My heart thuds and my palms turn clammy. I like to think of myself as a strong young woman, prepared to face most anything with calm and poise. Anything, that is, except my mother.

I fight the instinct to run, to escape to my room and pretend it’s all a bad dream. That would only make things worse.

Footsteps on the back stairs echo closer and then the door is swinging open.

Mother steps into the kitchen, looking like a queen. Her icy blond hair is swept into a crisp chignon, her deep purple business suit is still perfectly pressed after a full day of wear, with bold but tasteful jewels around her neck and wrist. No one would mistake her for anything less than she is: perfect.

“Why is the garage open?” she demands. “Are you trying to invite thieves into our home?”

“No, Mother,” I say automatically. I brace myself for the lie I have to tell. “There was a break-in. I was just—”

“What did they take?” She sets her satchel on the counter and strides into the house to inspect.

Dad steps into the kitchen, worry creasing his distinguished, graying brow. “Are you okay, Greer?”

“Yes, I’m fine,” I reply.

He steps close, lifts a hand, and rests it on my shoulder. For a second I think he wants to hug me. And in this moment I would let him.

But then Mother returns. “What was taken?”

“As far as I can tell,” I say, hiding the quiver in my voice, “nothing.”

Her eyes narrow. “What do you mean ‘nothing’?”

I resist the urge to shrug. “I did a cursory inventory when the police were here, for their report, and I couldn’t find anything specific missing.”

She studies me, trying to gauge whether I’m telling the truth, whether she needs to interrogate me about the situation, whether I’m guilty of some minor transgression that requires punishment.

I can’t take the pressure, not after tonight. For the first time in my life, I lift my gaze and look her directly in the eye—not slightly to the left, so it appears that I’m meeting her gaze while avoiding her usual lecture on the importance of eye contact. Staring straight into her suspicious eyes, I say, slowly and carefully, “Nothing was taken. The police think it was vandals.”
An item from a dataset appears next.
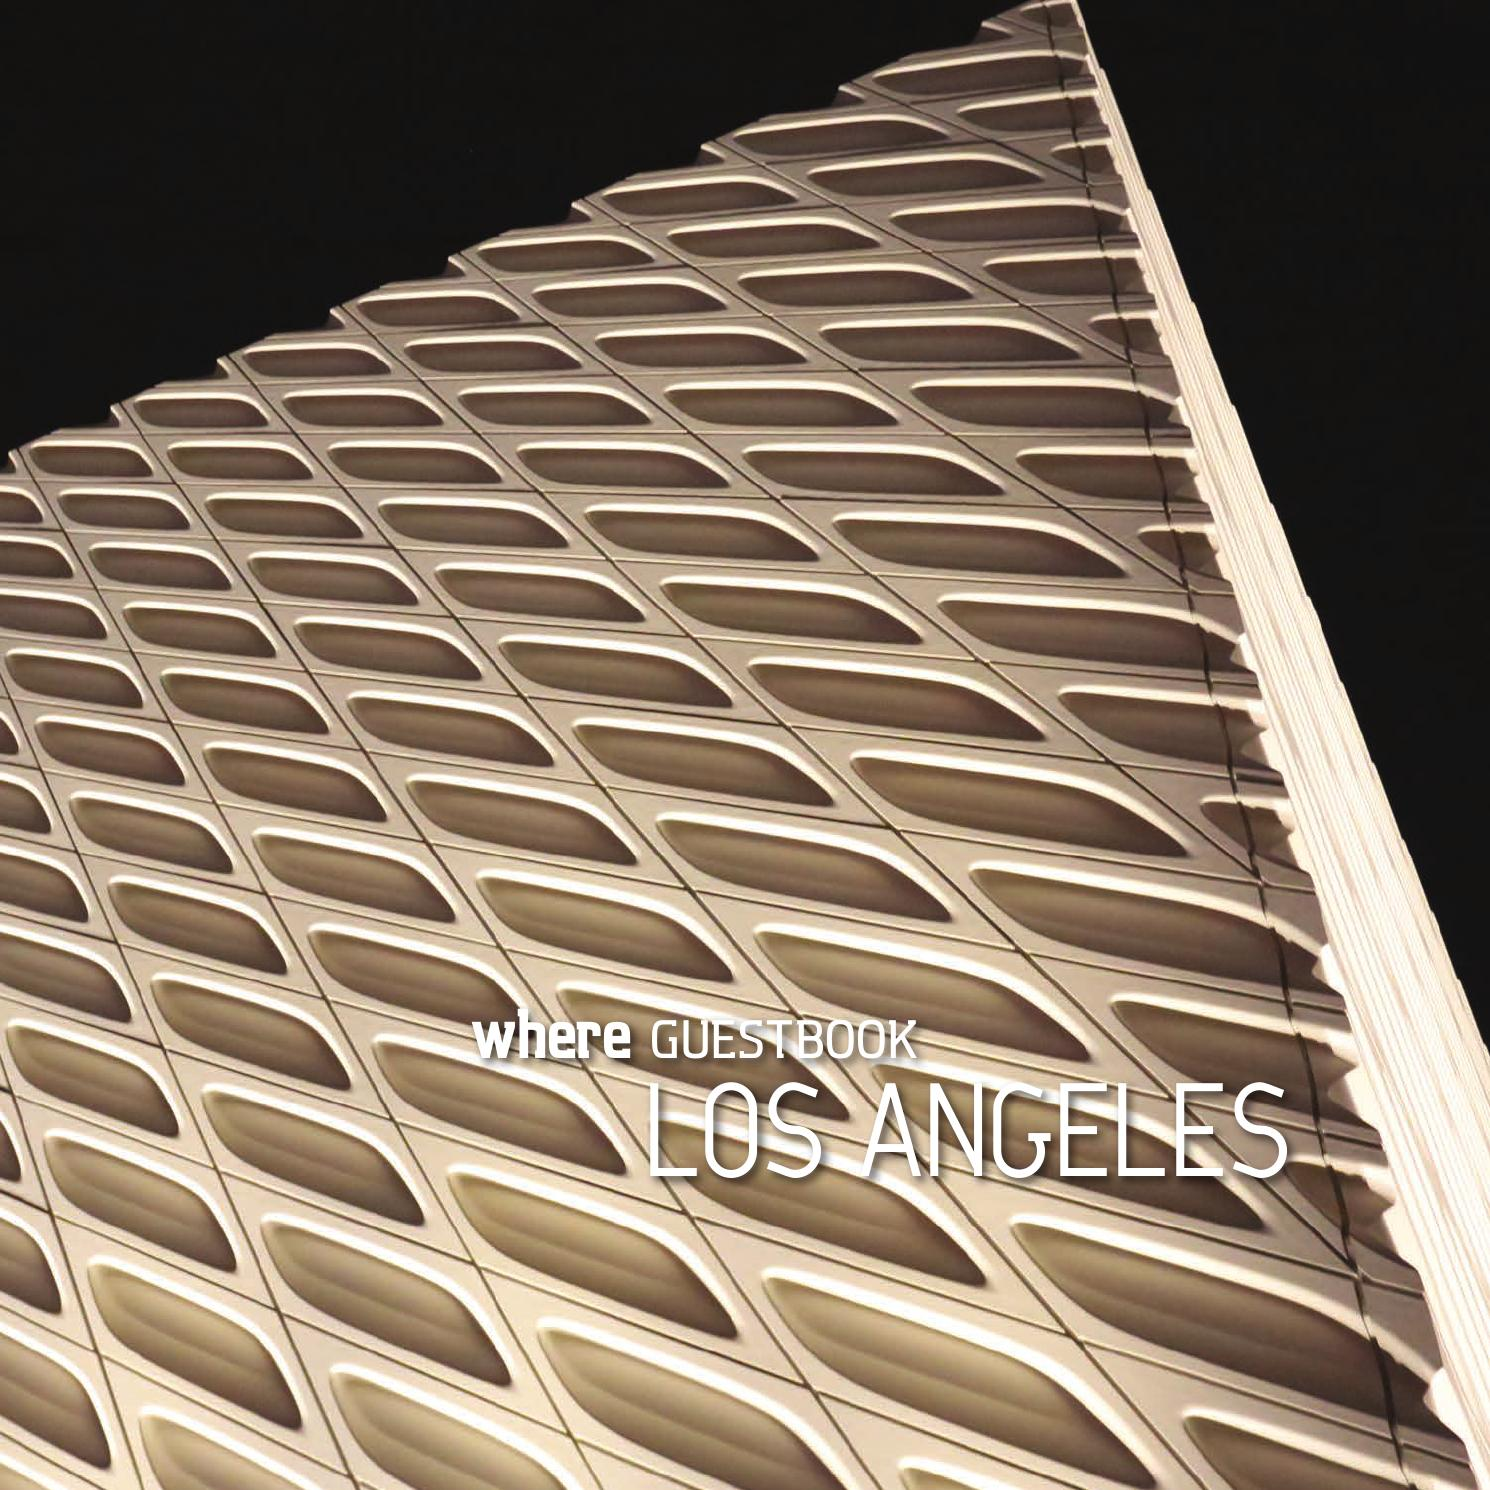 Where GuestBook Los Angeles 2018 by SoCalMedia issuu

When Grace told me about our hypnotic powers, I thought she was being ridiculous. I also thought I would never have reason to use them, even if they were real. I have no trouble getting people to do what I want. Everyone but my mother. So I have to try.

When I see her eyes lose focus and she repeats, “Nothing taken. Vandals.” I feel a giddy bubble rise up inside me.
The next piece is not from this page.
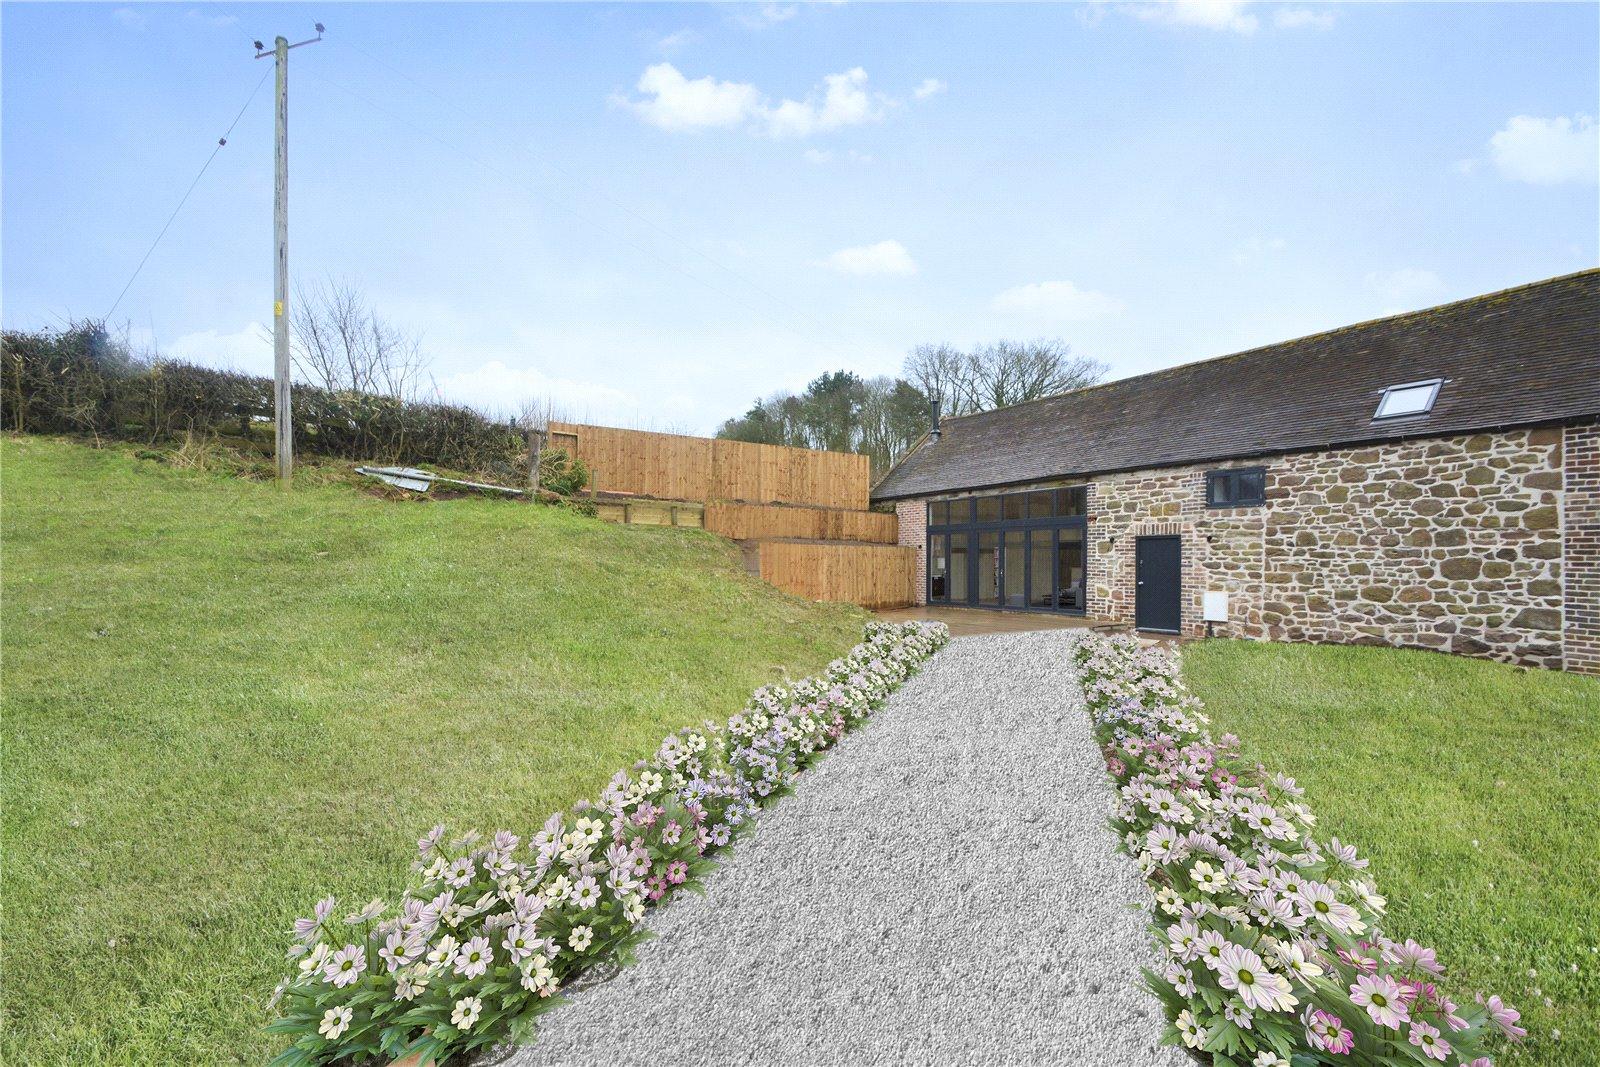 Mapletime, Sutton Wood Farm, Shifnal, Shropshire, TF11

It worked. It really worked.

Dad, oblivious to what has just happened, walks up to her and rests a hand against her lower back. “It sounds as if Greer has everything under control, Helen.” He throws me a sympathetic smile. “We’ve all had long days. I’ll have Natasha call the housekeepers in the morning, and the house will be back to normal when we return home tomorrow night.”

“Of course.” I smile, trying to appear positive when I know
I
will have to be the one to talk to Natasha because Dad will be at the office before dawn. I will take care of it, as I always do.

Mother just looks at him, her face still oddly blank, and she lets Dad lead her to the stairs up to their second-floor bedroom. As he guides her into the stairway, he looks back at me and we share a knowing smile. If he notices Mother’s unusual malleability, her slightly odd behavior, he doesn’t comment.

I nod good night to Dad and wait until I hear their bedroom door shut before I release the tense energy coiled up inside me.

My bath is calling me, but I have to face the rest of the cleanup first. Yes, I will make sure the housekeepers come tomorrow, but the better things look when Mother comes down in the morning, the better things will be for everyone in the household.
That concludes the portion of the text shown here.